Tell us your DIP1000 woes
Paul Backus
snarwin at gmail.com
Wed Aug 28 14:48:04 UTC 2024
On Sunday, 25 August 2024 at 13:10:22 UTC, Mike Parker wrote:
> Second, we'd like to get a number of examples of problems
> people have had with using DIP1000 that haven't shown up in
> Bugzilla. Walter wants to be as certain as he can whether such
> issues are fixable or if the design is fundamentally flawed.
Here's an issue that stems from a fundamental shortcoming of
DIP1000's design: you can't write a `@safe` `swap` function.

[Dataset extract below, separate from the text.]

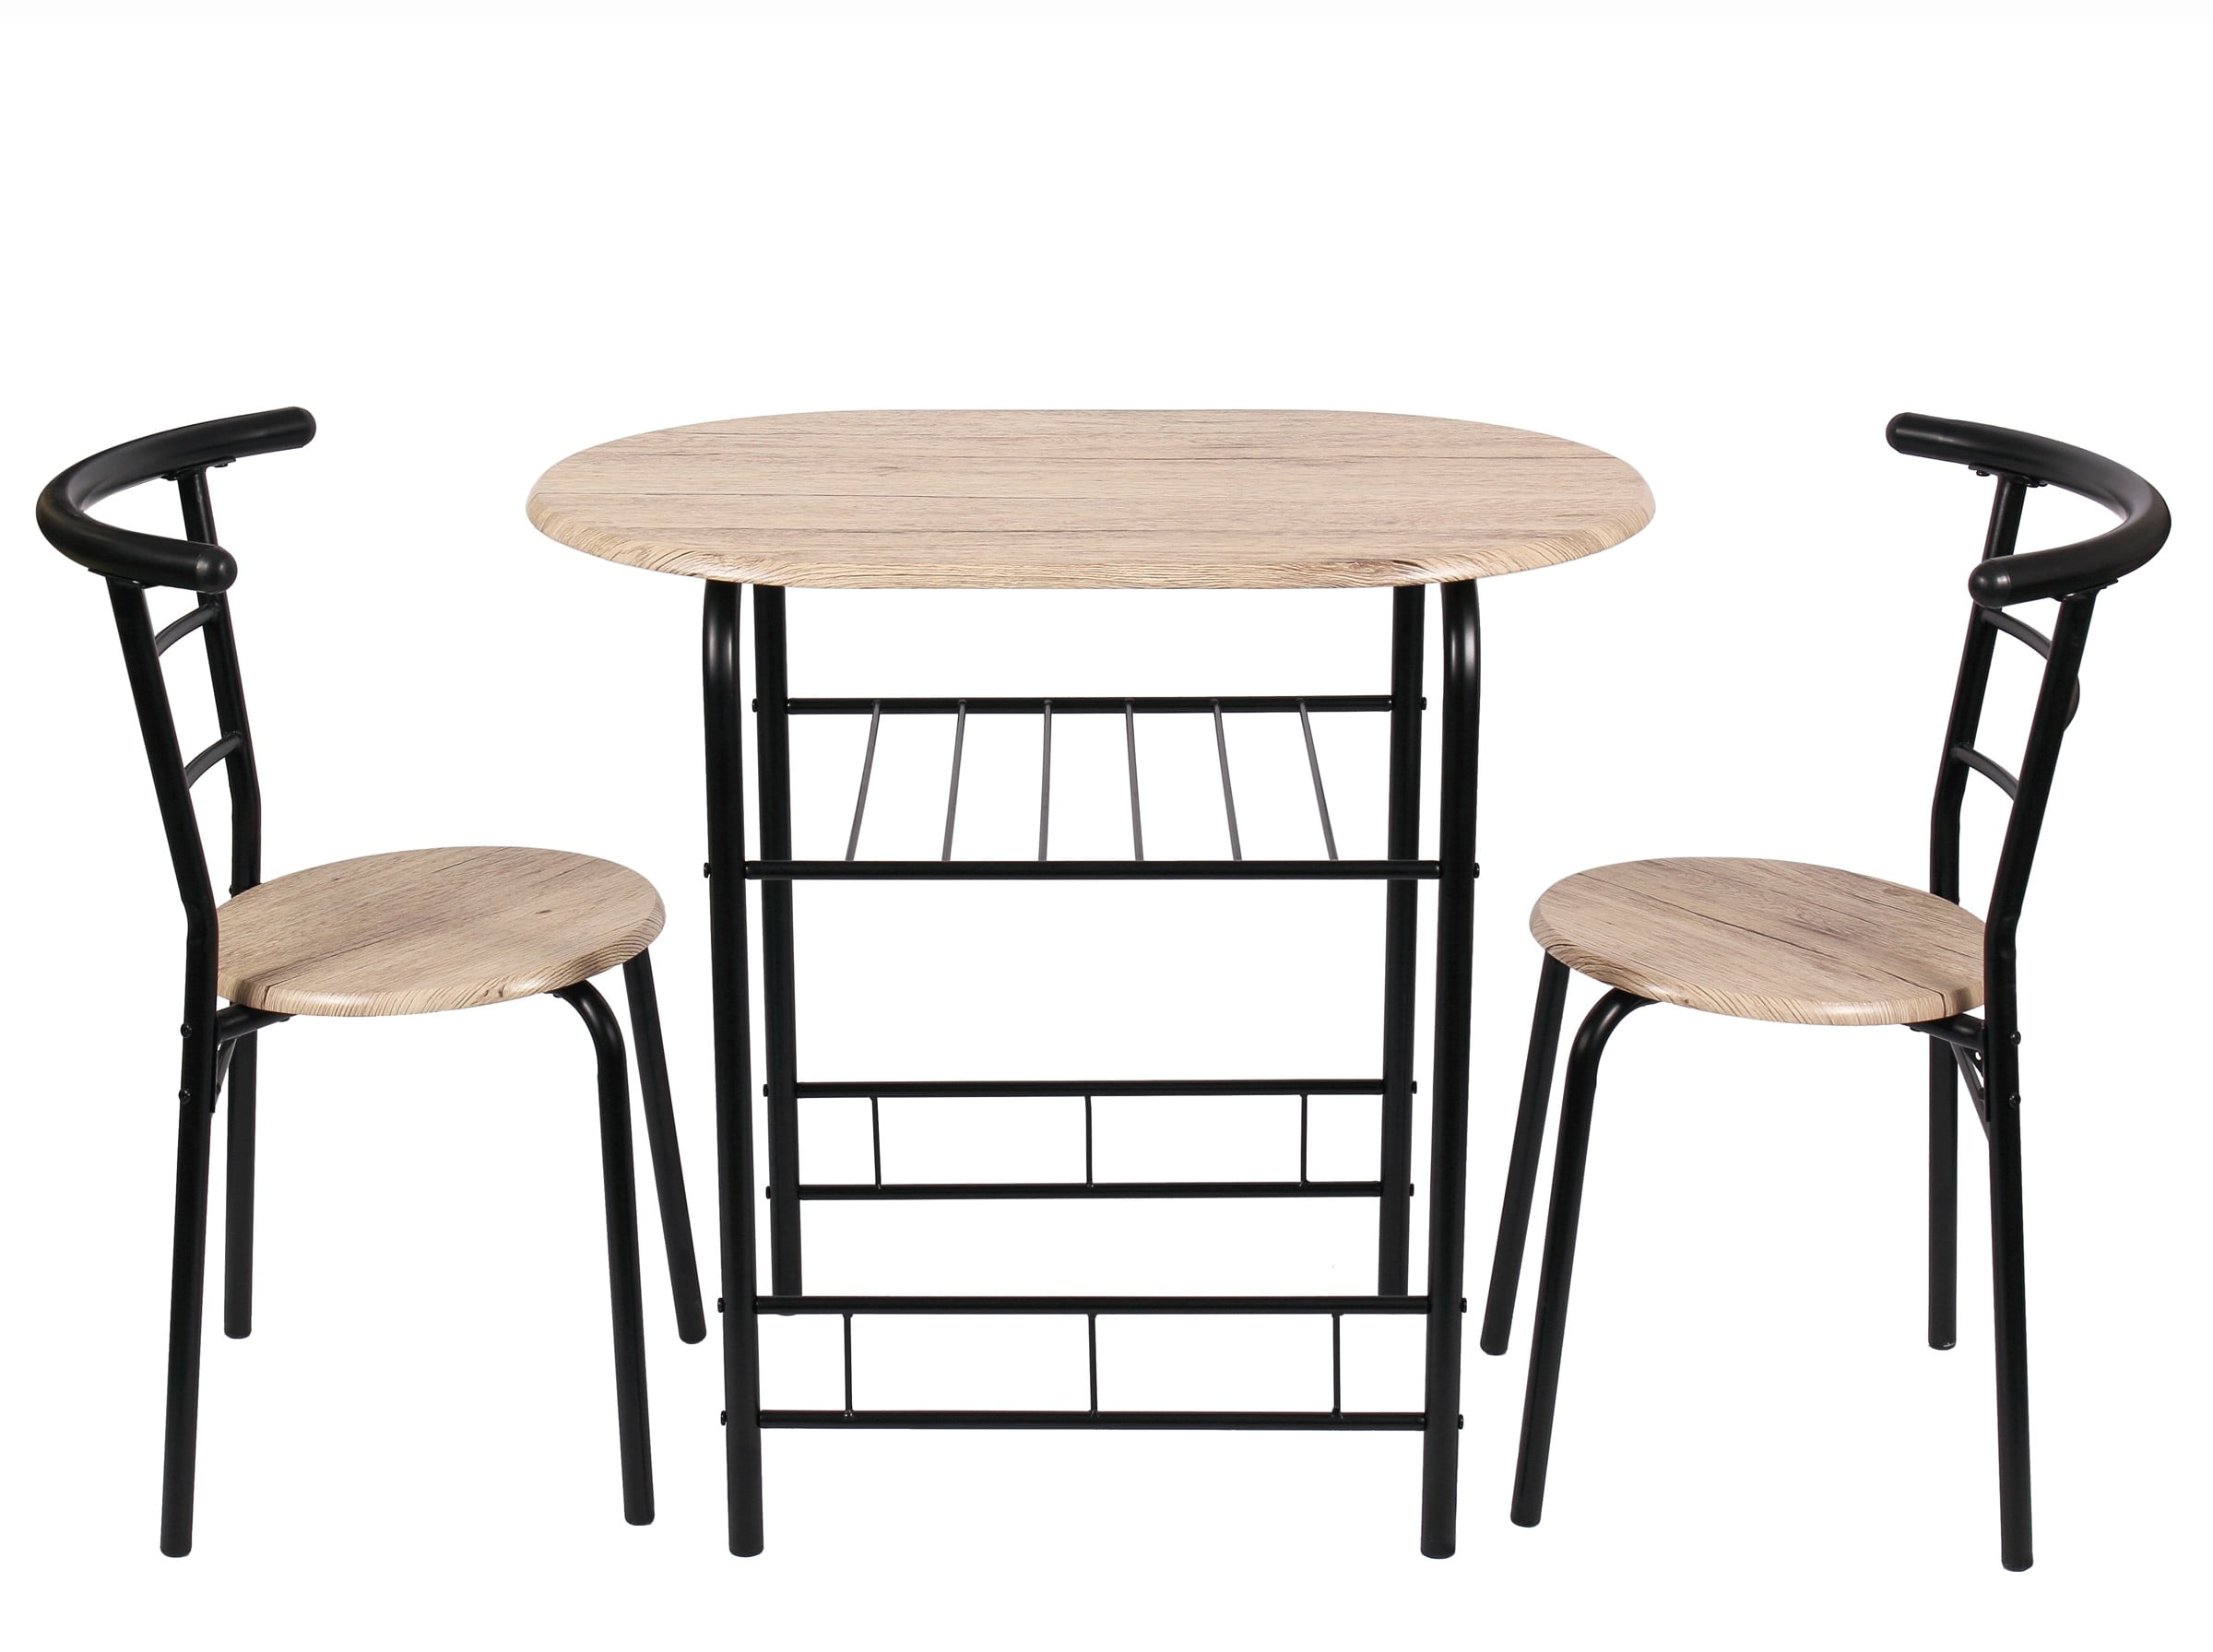 Mainstays 3 Piece Metal and Wood Dining Set, Include 1 Table and 2 Chairs, Grey Color (2 People Seating Capacity)

Consider the following example:
@safe void swap(ref /* ??? */ int* a, ref return scope int*
b);
@safe unittest
{
int local;
static int global;
// Ensure both pointers have identical lexical scopes
static struct Pair { int* a, b; }
auto p1 = Pair(&local, &local);
auto p2 = Pair(&global, &global);
auto p3 = Pair(&local, &global);
auto p4 = Pair(&global, &local);
swap(p1.a, p1.b);
swap(p2.a, p2.b);
static assert(!__traits(compiles, swap(p3.a, p3.b)));
static assert(!__traits(compiles, swap(p4.a, p4.b)));
}
A correct, `@safe` function signature for `swap` should be able
to pass this unit test. However, under the DIP1000 system, there
is no possible combination of attributes for the parameter `a`
that will not cause one of the test cases to fail.
- `ref int* a` causes `swap(p1.a, p1.b)` to fail.
- Both `ref scope int* a` and `ref return scope int* a` cause
`swap(p3.a, p3.b)` to compile when it shouldn't.